These large monochrome areas are superpixels, in the terminology of the authors of “Make3D”. In more detail in an accessible form, see the article " Effective segmentation of images on graphs ."
We want 3D Model and Polygon Location
We want to get a 3D model . The reconstructed three-dimensional model is represented by a combination of polygons and texture , i.e. parts of the original photograph superimposed on these polygons. The polygon has an arbitrary location and orientation in space.
Pic.4 Super Pixel Location and Orientation
More formally, the three-dimensional location of the polygon will be determined by the plane specified by the parameters
. For every point
belonging to this plane α , the equality
. The shortest distance from the observation point, the point from which the photograph was taken, to the plane along the perpendicular dropped to it is: 1 / | α | . The normal vector
uniquely determines the orientation of the plane in space. If we are given a unit vector
(called a ray
) connecting the observation point ( camera center ) with an arbitrary pixel i on the image belonging to the plane α, The distance from the viewpoint to the pixel i is given by:
. The distance to the superpixel will also be determined.You’ll have to look wider ...
A person is well distinguished by monocular signs of the image, helping him to restore a three-dimensional model of the scene and determine the distance to objects. At one glance, he is able to notice differences in image textures, color gradients, color differences, fuzzy outlines and out-of-focus objects in the distance.
However, only local monocular signs are still not enough, because the blue sky and the blue object on the earth have similar local monocular signs.
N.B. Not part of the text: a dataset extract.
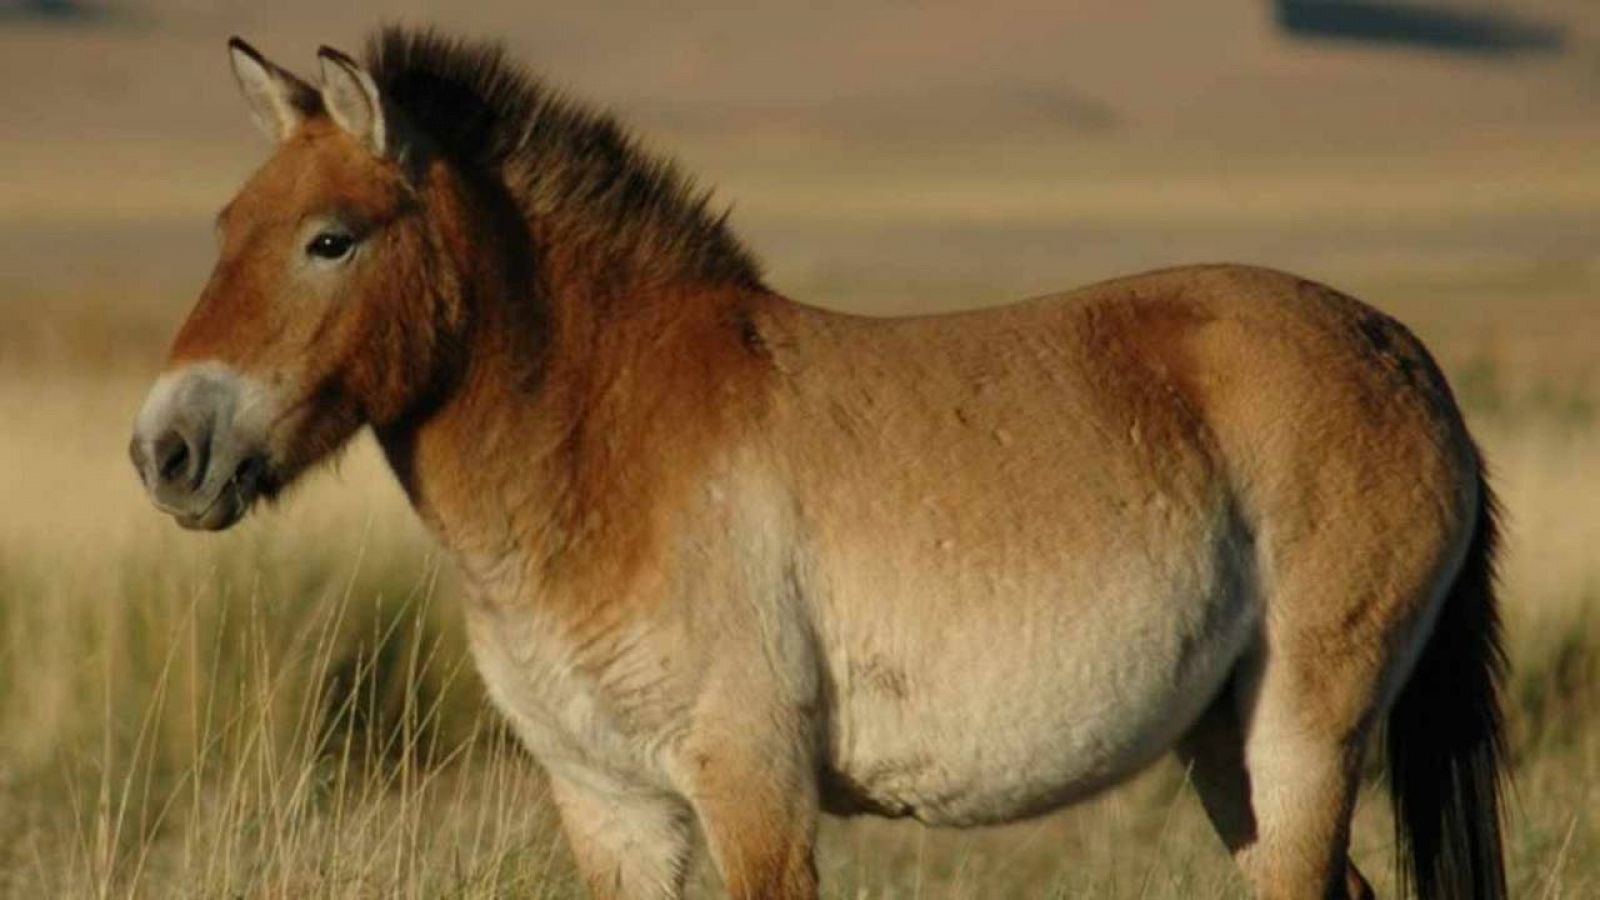 Según los investigadores, el cebro ibérico se parecería mucho a un caballo de Przewalski

Therefore, when reconstructing a scene, a person has to take into account not only local signs, but also the relative relationship between the various parts of this image. So, a person can determine the distance to an object with dimly expressed signs, for example, a uniformly illuminated large gray area, relative to other objects in the photograph. And determine that it is a wall and even approximately see its length.
Therefore, in the model of MRF takes into account not only local signs of monocular ( monocular cue sheet ), but also the relative relationship between different parts of the image:
- Локальные особенности (local features): локальные особенности суперпикселя, монокулярные, во многом влияют на его положение и ориентацию в пространстве
- Соединения (connections): за исключением границ различных объектов, наиболее вероятно, что соседние суперпиксели соединены на границах и в трехмерном пространстве
- Копланарность (co-planarity): если соседние пиксели обладают схожими монокулярными особенностями (feature), и не имеют ярко выраженных границ (edge) между ними, то наиболее вероятно, что они лежат в одной и той же плоскости
- Collinearity ( co-linearity ): long straight line, most likely, it will also be long straight lines in space trehmernomi
But before moving on to the MRF model ... what is so interesting that the authors found in just one photograph?
Image Features
Superpixels For each tuple in the algorithm computed characteristics ( features ), in order to detect signs of monocular ( monocular cues ), mentioned above, as well as the calculated characteristics to determine the boundaries and refractive superpixels (objects in the image). In order to make the algorithm more robust and flexible, so that he could restore the scene in an arbitrary photograph, not necessarily similar to those on which they were trained model, calculated with respect to a large number of features ( features ).
Monocular image features
For each superpixel i , statistical features related to the image texture, shape and position are calculated. The project “Make3D” uses 17 filters
, where n = 1, ..., 17 :- 9 masks Laws for calculating an average image intensity ( averaging ), detecting spots ( spot detection ) and borders ( edge detection )
- 6 masks for identifying oriented edges ( oriented edge detection ), rotated by ( 30 ° × k ), k = 0, ..., 5 degrees
- 2 color channels in Cb and Cr in YCbCr format
Pic.5 Masks used in Make3D

Pic.6 Two channels of color Cb and Cr

The application of filters to superpixels i image I (x, y) is formed by a 34-dimensional vector features calculated as
Pic.7 Super pixel layout features

В проекте "Make3D" учитываются не только особенности отдельного суперпикселя, а так же принимается в расчет «контекст» в виде, особенностей (features) 4-х самых больших соседних суперпикселей, и данная операция повторяется в 3-х различных масштабах. Таким образом, каждый суперпиксель содержит дополнительно информацию и об изображении вокруг него, что приводит к более качественным результатам, чем если ограничиться только локальными особенностями суперпикселя. В конечном итоге с каждым суперпикселем ассоциируется вектор, который содержит 34*(4+1)*3+14=524 элемента, т.е.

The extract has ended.